Everything I see is white. The air seems made of snow, an unending assault of flakes that are born and then die on the windshield. The landscape in front of us is vast in the way only snow makes things vast: beautiful, uniform, terrifying. My mother and I are driving along a tiny, twisting highway, squinting as we try to keep hold of the road with our eyes. To my left, an occasional shrub or branch pokes through the snowy covering that blankets the hillside; a white sheet of land that extends into the sky. To my right, there is nothing. The mountainside drops away and I see nothing but an immense emptiness. There is no guard rail or barricade between us and that deep, wide space. I try not to look. The cold air sneaks into the car and I shiver, my hands grabbing whatever I can that feels hard and secure and unmovable. We inch our way along, around sharp turns and unexpected bends, and hope we will not swerve off over the edge. I try not to look at her face and instead stare ahead into the blowing snow, the snow that makes everything the same; makes the ground indistinguishable from the sky, swallowing every rock and tree and bit of road it crosses.

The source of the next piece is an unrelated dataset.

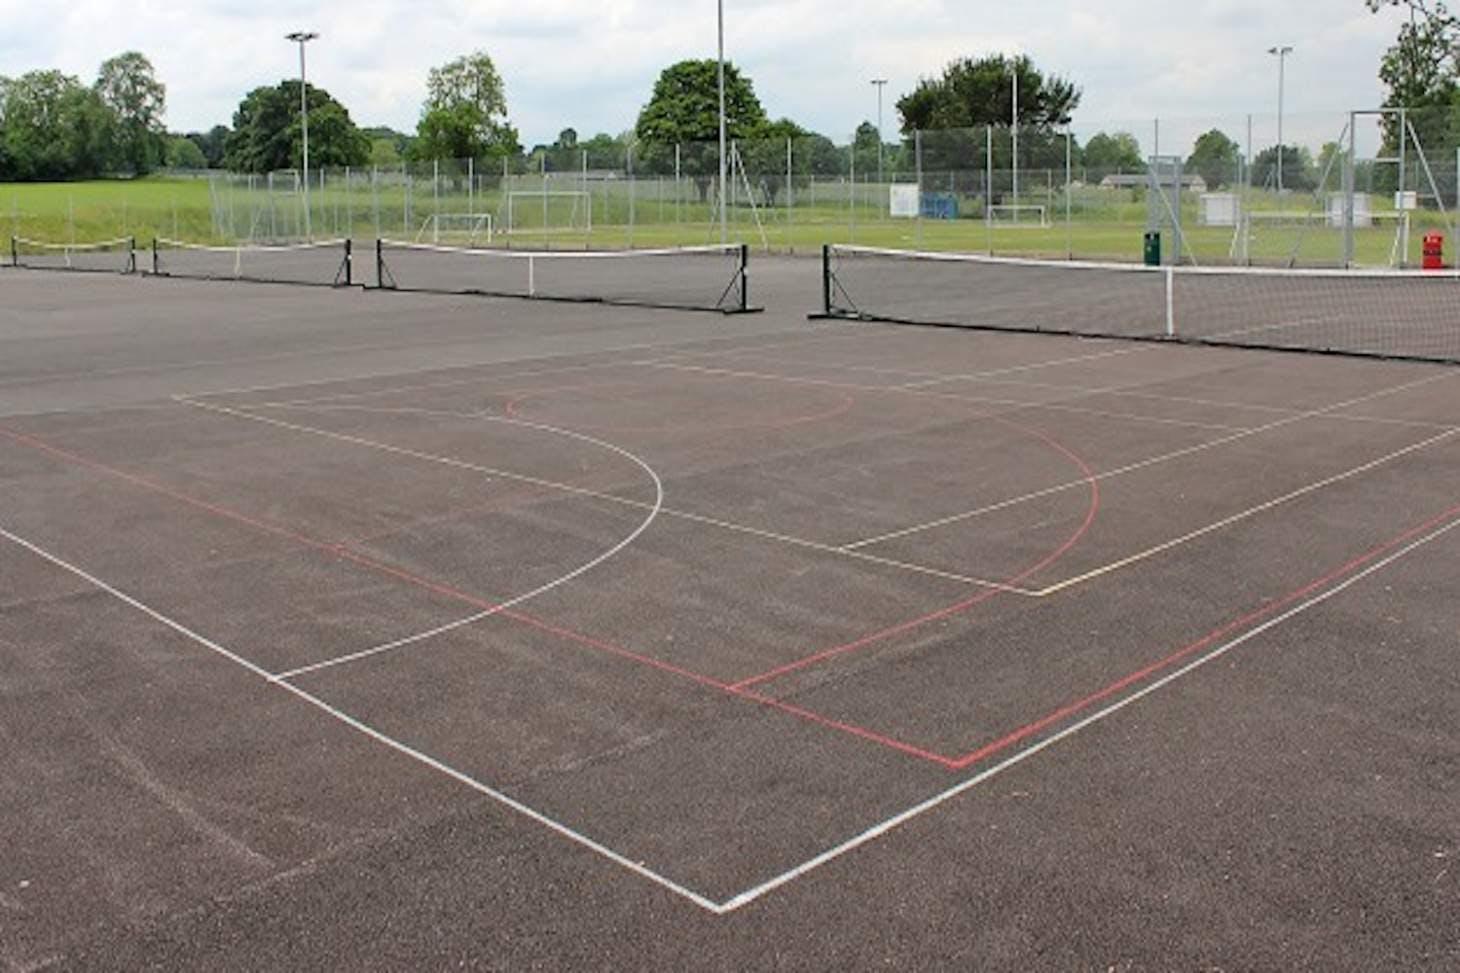 Harris Academy Purley Outdoor   Concrete tennis court
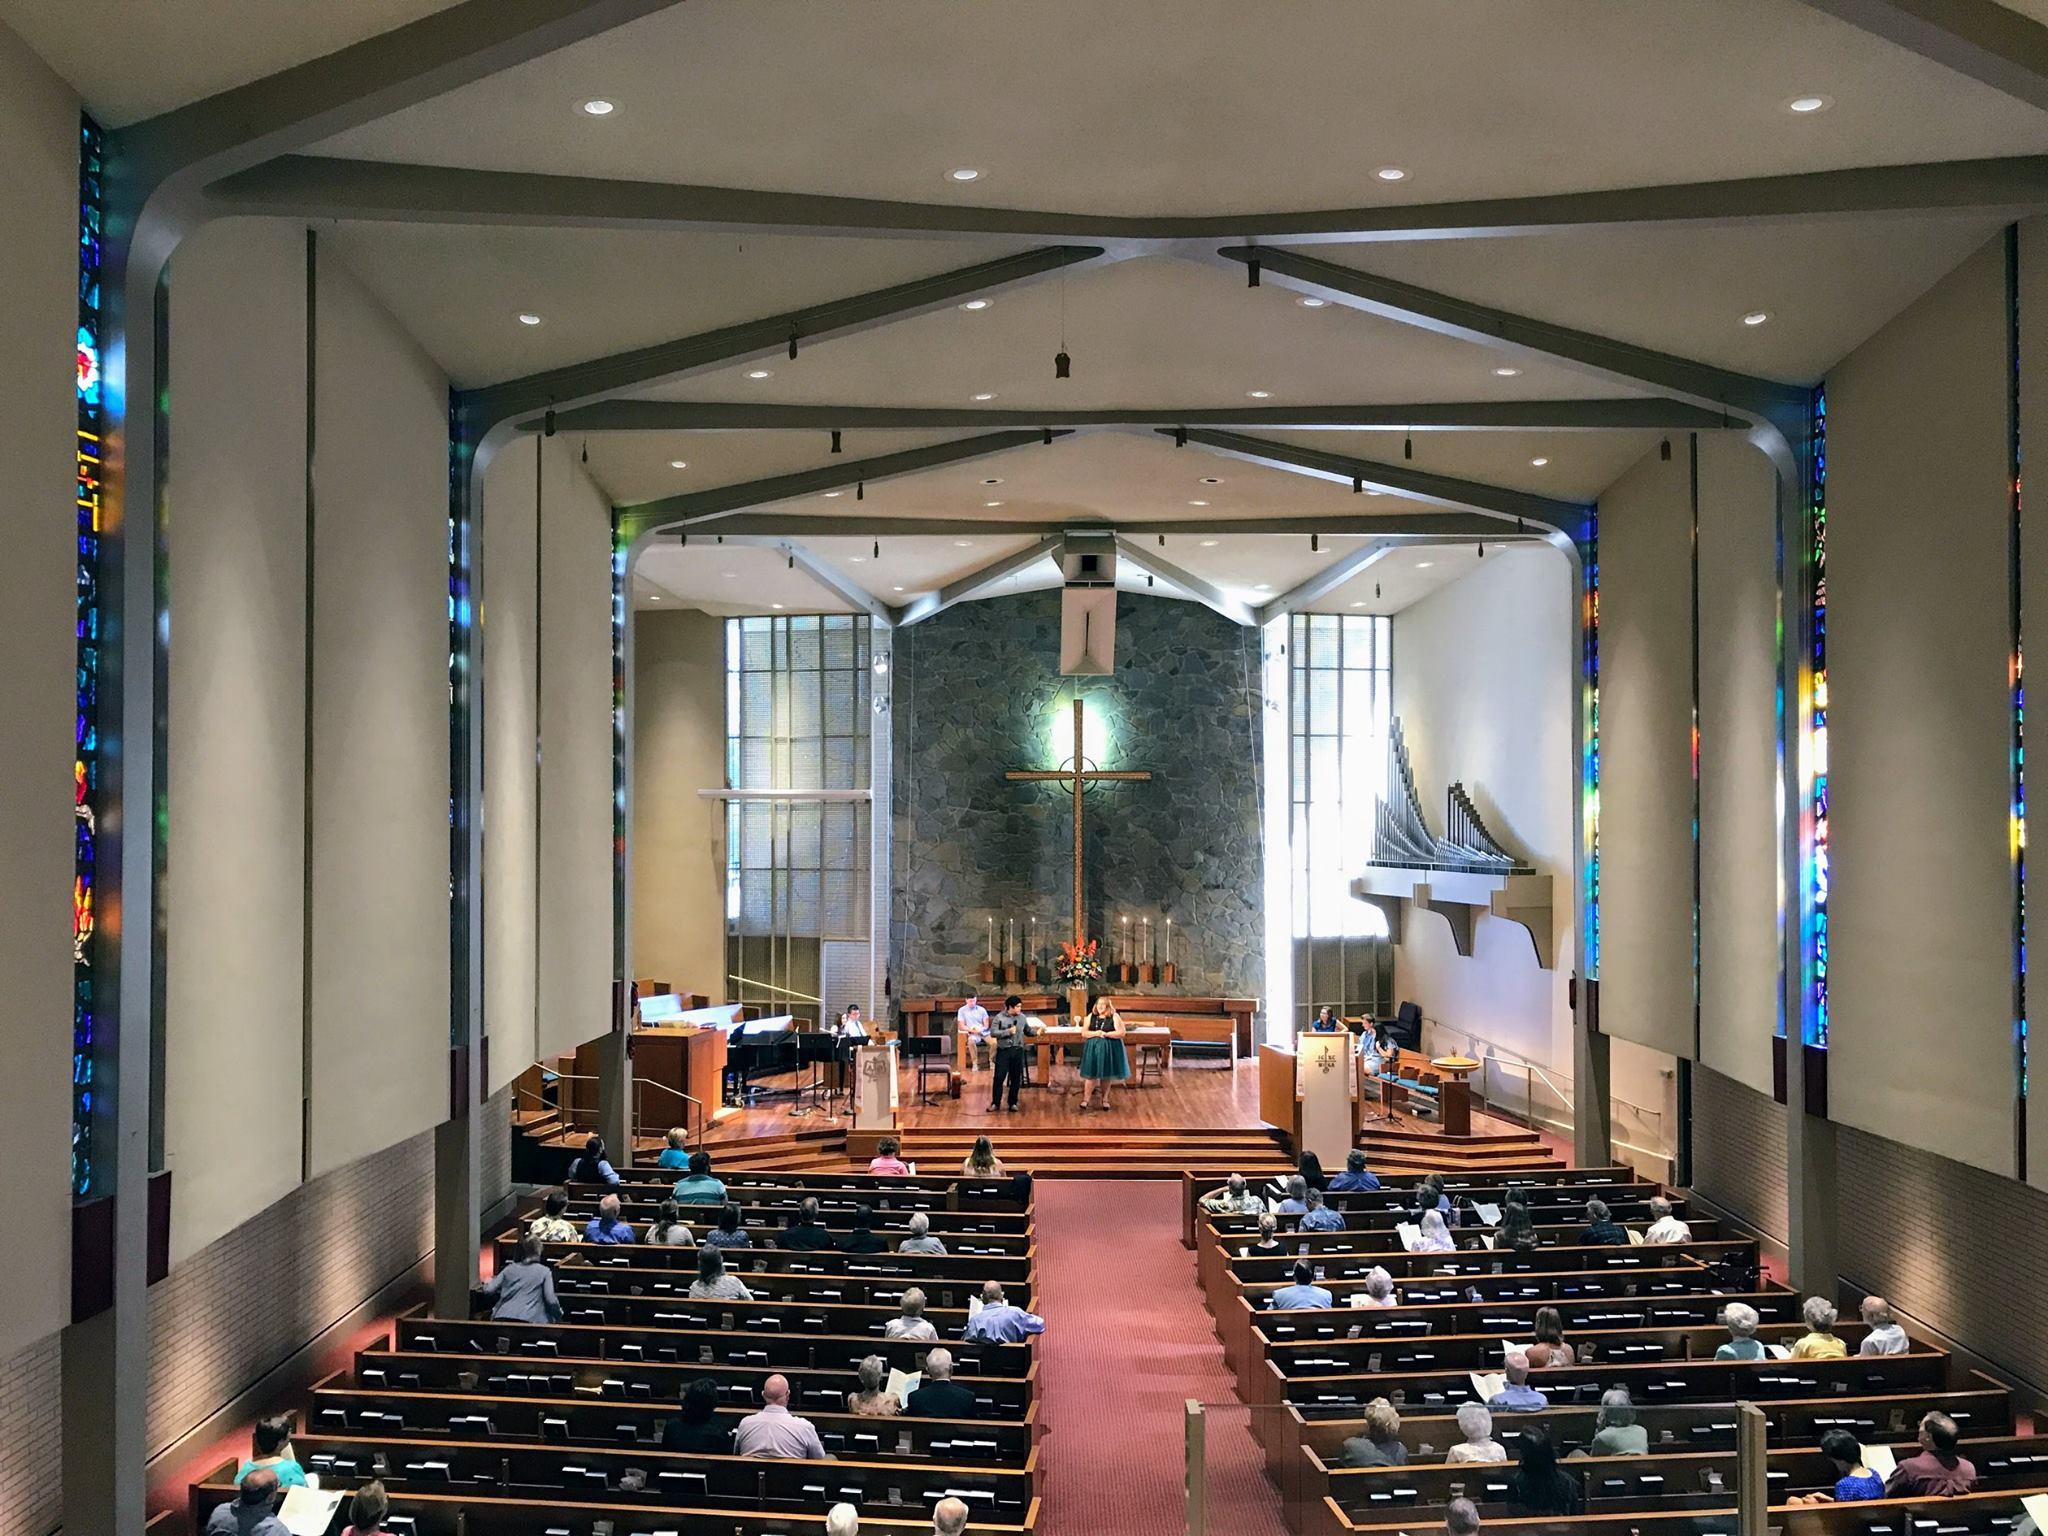 claremont-presbyterian-church-view-wide.jpg

She said she needed to get away. She stuffed the trunk with blow-up mattresses and pots and pans and a two-man tent (or “two-woman”, as she called it, giggling). She took cassette tapes and sunglasses and bought me a new bathing suit, though the one I had was perfectly fine. She wore a big straw sun hat and the nail beds of her long, slim fingers went pink where she gripped the wheel. My mother didn’t drive much except to work and back. I was eight and had never been camping alone with her. My grandparents offered to come with us but she refused, saying it was “just for us girls.” We stopped at the store and bought penny candy and while she drove she smoked cigarettes, and when she lit one up the smell was like the smell of her hands. She put on music and sang and though I felt queasy from the sugar and the winding roads, I sang too.
She had a map, and she had been there several times as a child, so it wasn’t that she didn’t know the way. But the weather on the pass was unpredictable, the tires on the car nearly bald. Looking back I can’t believe my grandfather would have let her drive that highway, so perhaps she lied about where we were going. She must have been determined, because when we hit snow and the car started to slip around the turns, she kept going. When I said I was scared she didn’t reply but turned off the music and smoked one cigarette after the other, keeping her left hand on the wheel, and she didn’t slow down until the snow came in so heavy it was almost impossible to see. Even when we crept along so that it was like we were walking the car still fishtailed on the road and I prayed no one would come the other way. I am not sure what she thought she was doing. We were high up in the mountains and the only way we could be certain of getting down safely was to turn back. When a large truck came careening towards us, she didn’t realize she was in the middle of the road and when she pulled sharply to the right I was certain we were going to go over the edge and I closed my eyes and screamed. I pleaded with her to stop and she gave me a strange look and turned the music back on as loud as it would go. Only when the wheels and then the entire car began to slide as we fought to get up the next steep bit, only when we could not go any further and the tires refused to pull themselves along the asphalt, only then did she sigh and make a five-point turn, pointing us back down the hill. I was crying and she laughed and said, “Wasn’t that fun?”
For a brief moment the morning light comes in, retreating just as quickly as the door closes and returns the room to its orange motel glow. The outline of her moving, brush of shoes against carpet, how she pauses for a moment while I wonder what her face looks like today. When she gets into bed and pulls me close to her it doesn’t seem to matter that she’s been gone, or that she frightened me, or that she smells like alcohol and cigarettes and something else. I close my eyes and slide my hand under the pillow, feel for the bathing suit. If you press your finger against the shiny fabric just so, the grain feels like a million slivers, readying themselves for your skin.